Todd Orston:                   Right.

Leh Meriwether:             And understanding how the law was applied in that specific case, so.

Todd Orston:                   And of course, the professors love to create those hypotheticals that were just incredibly challenging to answer.

Leh Meriwether:             Right. Kind of applies.

Todd Orston:                   Yeah.

Leh Meriwether:             Maybe not. Maybe something else applies a little bit more. There's-

Todd Orston:                   We're not going to try and trick you.

Leh Meriwether:             Yeah.

Todd Orston:                   There's no Socratic method going on here, so.

Leh Meriwether:             That's right.

Todd Orston:                   Any of you listeners out there, you won't be called upon. If you get a random phone call from us, just understand, you must answer correctly.

Leh Meriwether:             Let's try it. All right, let's do the first question.

Todd Orston:                   All right.

Leh Meriwether:             All right. So this time, I think this week we're going to just focus on, it's going to be generally family law. But next week, let's do divorce. Let's just focus on divorce.

Todd Orston:                   Great plan, Leh.

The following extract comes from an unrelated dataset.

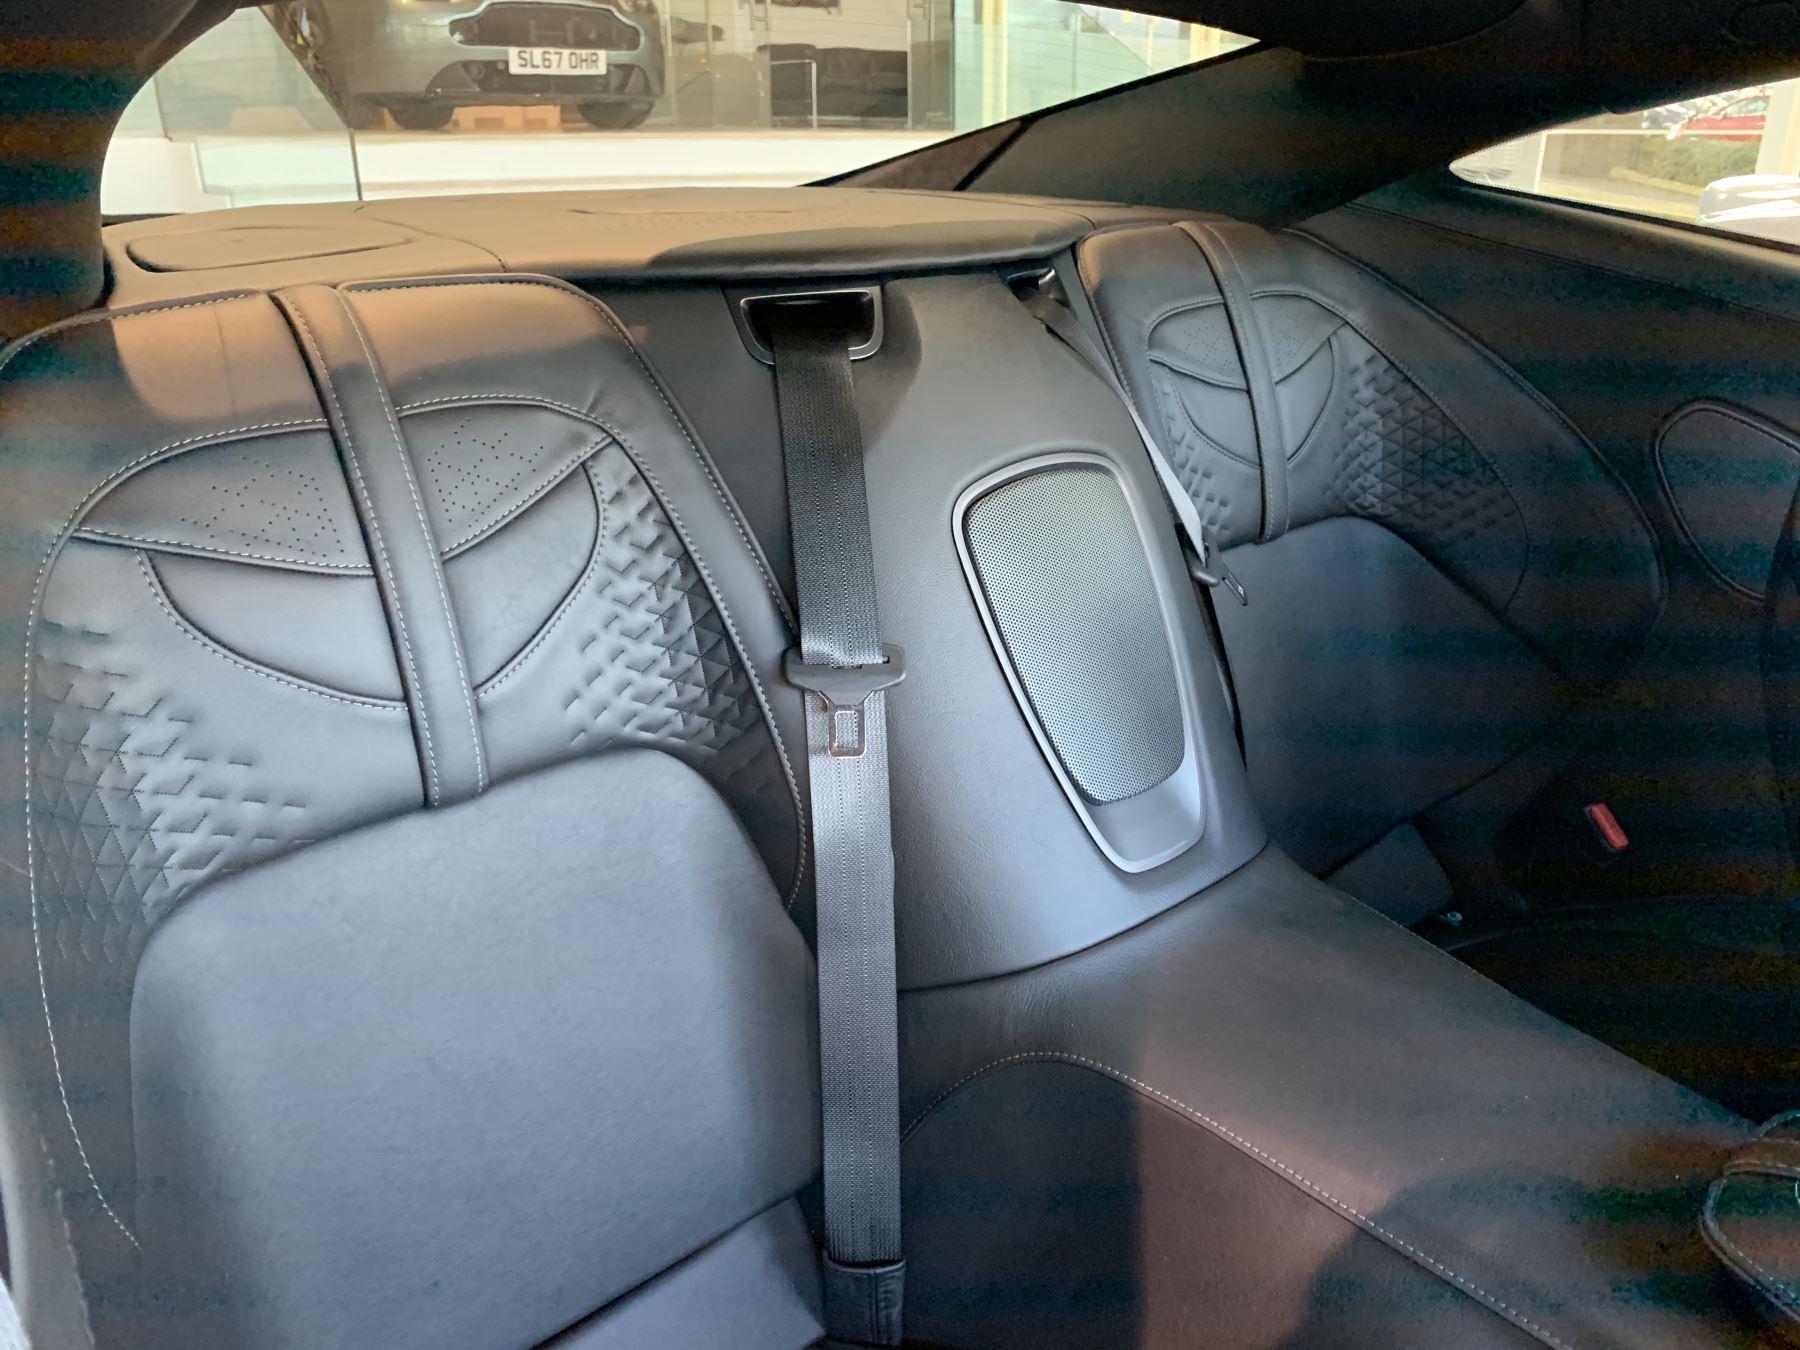 Aston Martin DBS Superleggera V12 Superleggera 2dr Touchtronic Auto image 19

Leh Meriwether:             All right. So, here's the first one. Can I share legally recorded conversation with the other person's family friends? Person in conversation is very emotionally abusive and talks despairingly of family and friends behind closed doors. Bu they think this person's a good person. Very narcissistic and borderline. Now, I don't know, this could be an active modification case. Doesn't say what kind of case it was. But I like the question, so I threw it in here.

Todd Orston:                   Yeah. And I will say, it's an easy answer. Yes, no.

Leh Meriwether:             That was easy. Kind of [inaudible 00:03:49] but easy.

Todd Orston:                   All right, next question.

Leh Meriwether:             No, I think the biggest challenge is if it's legally recorded, yeah you could, I mean if it's legal you could share it. But there are consequences for doing something like that.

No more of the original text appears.